Il n’est nul besoin d’être chrétien pour défendre la cause des chrétiens d’Orient.

Notre indignation et nos réactions s’imposent par simple humanité : une qualité qui n’existe pas à l’évidence dans la bureaucratie des transports parisiens.

Je ne sais pas ce qu’il en est des « règlements » de la Régie autonome des transports parisiens mais je peux indiquer ici ce que dit la Constitution à propos de la liberté religieuse et de la résistance à l’oppression.

Cette dernière est définie comme un droit « naturel et imprescriptible de l’homme ». Par ailleurs, « nul ne doit être inquiété pour ses opinions, même religieuses, pourvu que leur manifestation ne trouble pas l’ordre public établi par la Loi » (art.10 de la Déclaration des Droits de l’Homme et du Citoyen de 1789).

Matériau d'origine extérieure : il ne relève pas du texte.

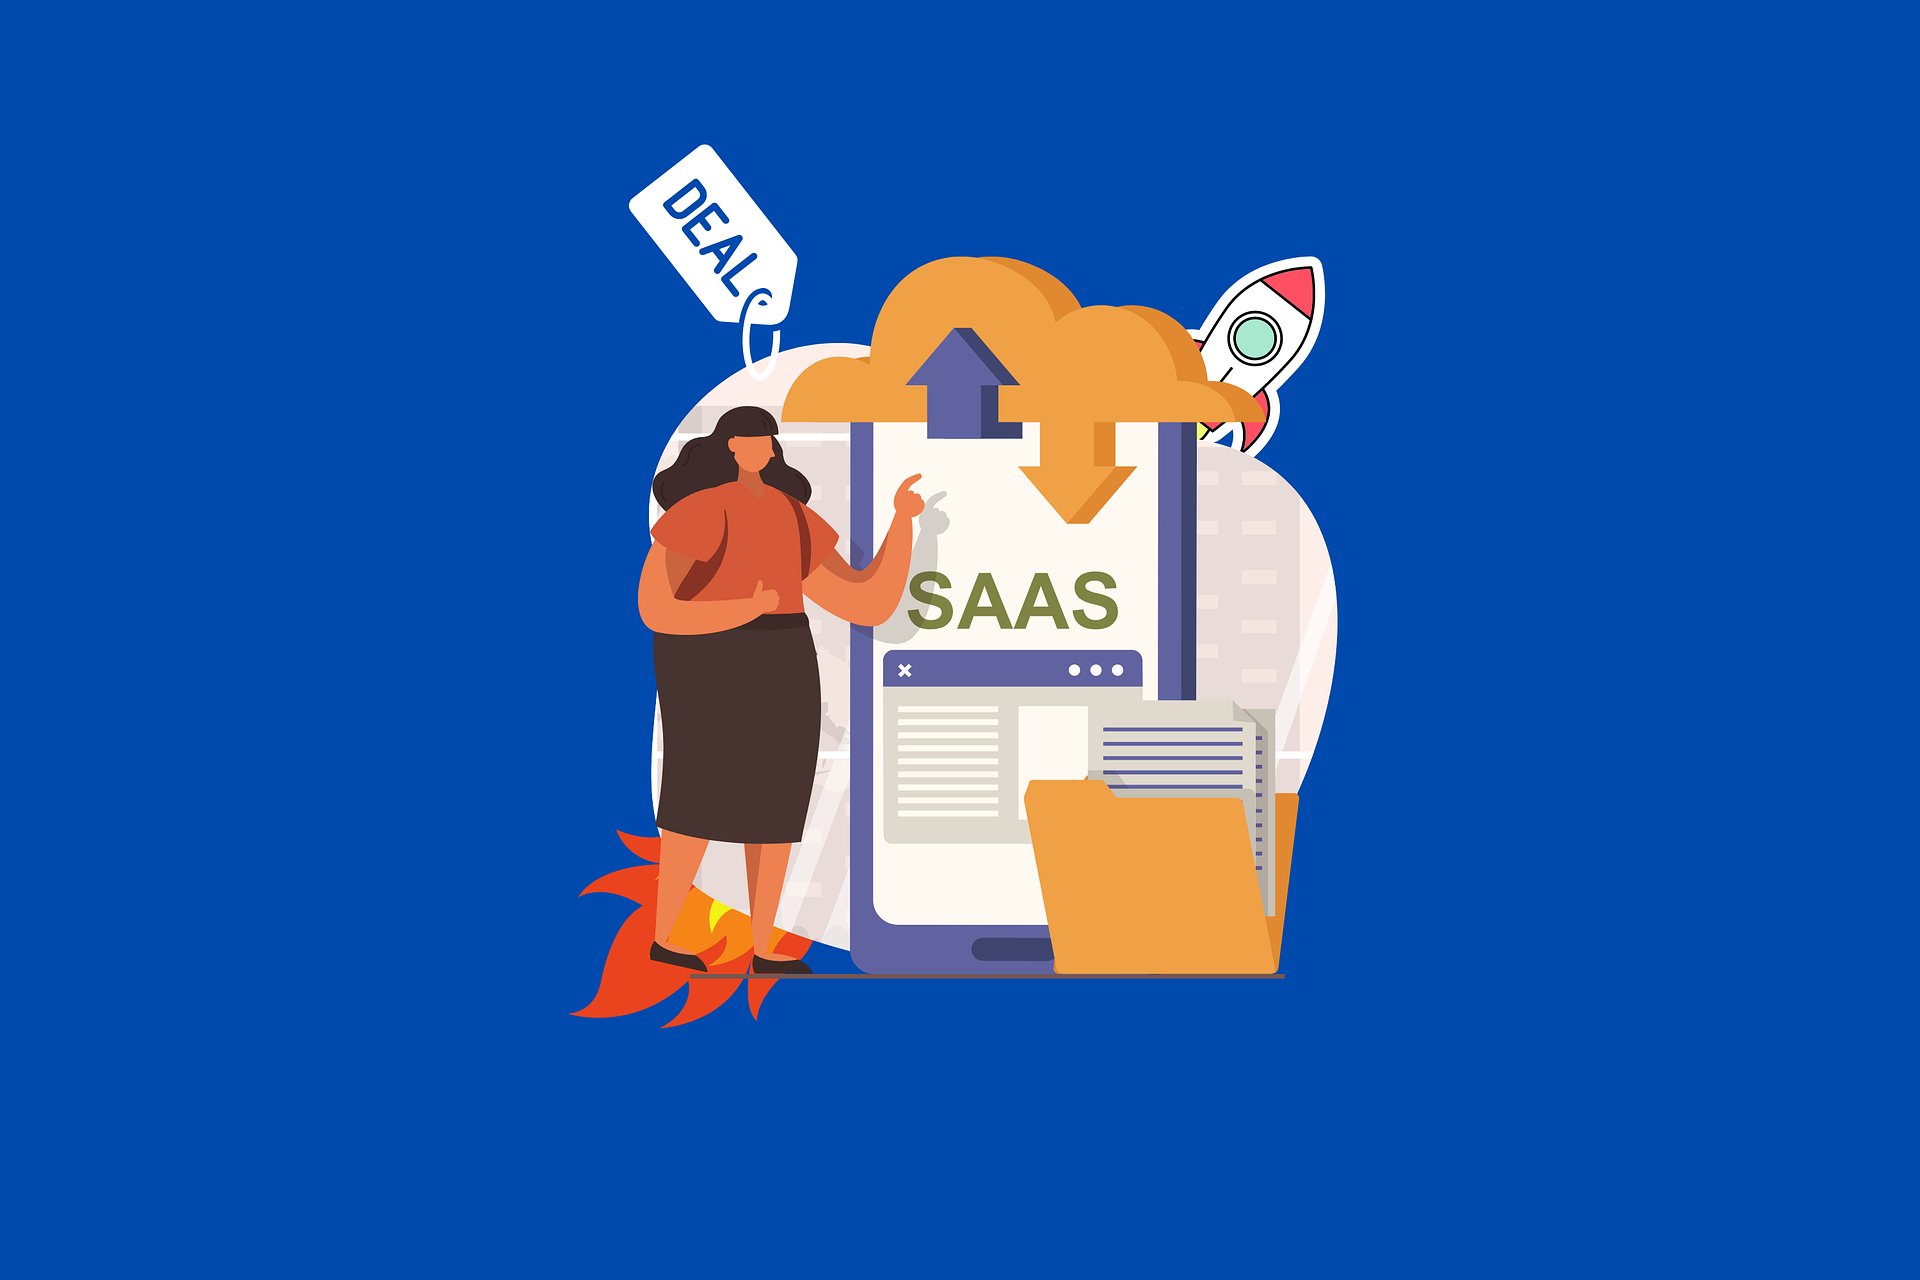 Saas graphic with woman presenting; image by San0198, via Pixabay.com.

Des affiches défendant, de manière d’ailleurs bien indirecte et allusive, le droit des chrétiens d’Orient d’exprimer librement leurs opinions religieuses et de résister à l’oppression qu’ils subissent en raison de ces opinions ne sauraient donc enfreindre en aucune manière le principe de laïcité.

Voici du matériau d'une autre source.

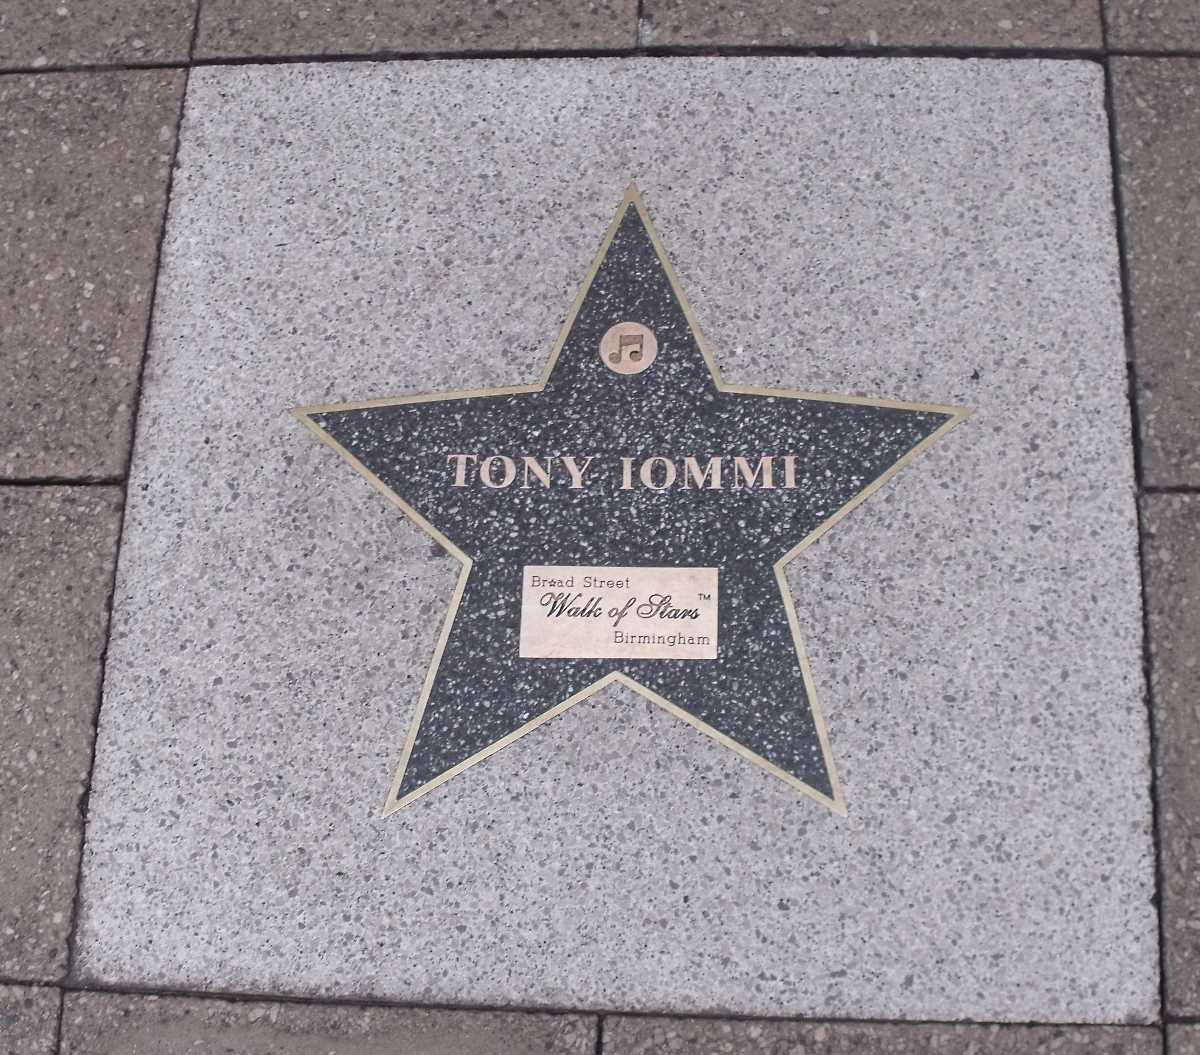 Tony Iomii

La RATP a renoncé mais elle l’a fait uniquement face à l’indignation venue de tous les bords politiques. Elle ne s’est pas excusée, n’a pas fait acte de contrition et n’a même pas confessé son erreur. Elle ne peut donc être absoute.

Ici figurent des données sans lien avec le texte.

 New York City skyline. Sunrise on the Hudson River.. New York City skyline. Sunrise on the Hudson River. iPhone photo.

On pourrait exiger que la RATP propose, en rémission de sa faute, que des emplacements gratuits soient réservés gracieusement à ceux qui souhaitent protester à la suite du massacre de Garissa. Rappelons que dans cette monstrueuse affaire, les bourreaux ont sélectionné, parmi les étudiants, les chrétiens pour les assassiner à raison de leur confession religieuse.

Ce serait bienvenu, conforme à notre Constitution, et nullement contradictoire avec le principe de laïcité.

Mais les bureaucrates ne reconnaissent jamais leurs erreurs, manquent souvent de bon sens, parfois de sens moral et sont capables aussi d’égarements, préférant toujours leur petit règlement aux lois supérieures, celles qui sont issues des Constitutions ou des Droits de l’Homme.

Cet aveuglement n’est pas à prendre à la légère.

Cet excès n’est pas insignifiant à l’inverse de ce qu’en aurait dit Talleyrand. La technostructure tend naturellement à créer ses propres lois au mépris des lois démocratiques.

Sur des modes différents, Kafka et Galbraith ont dressé des tableaux lucides de la technostructure : la RATP vient de nous en donner un exemple significatif.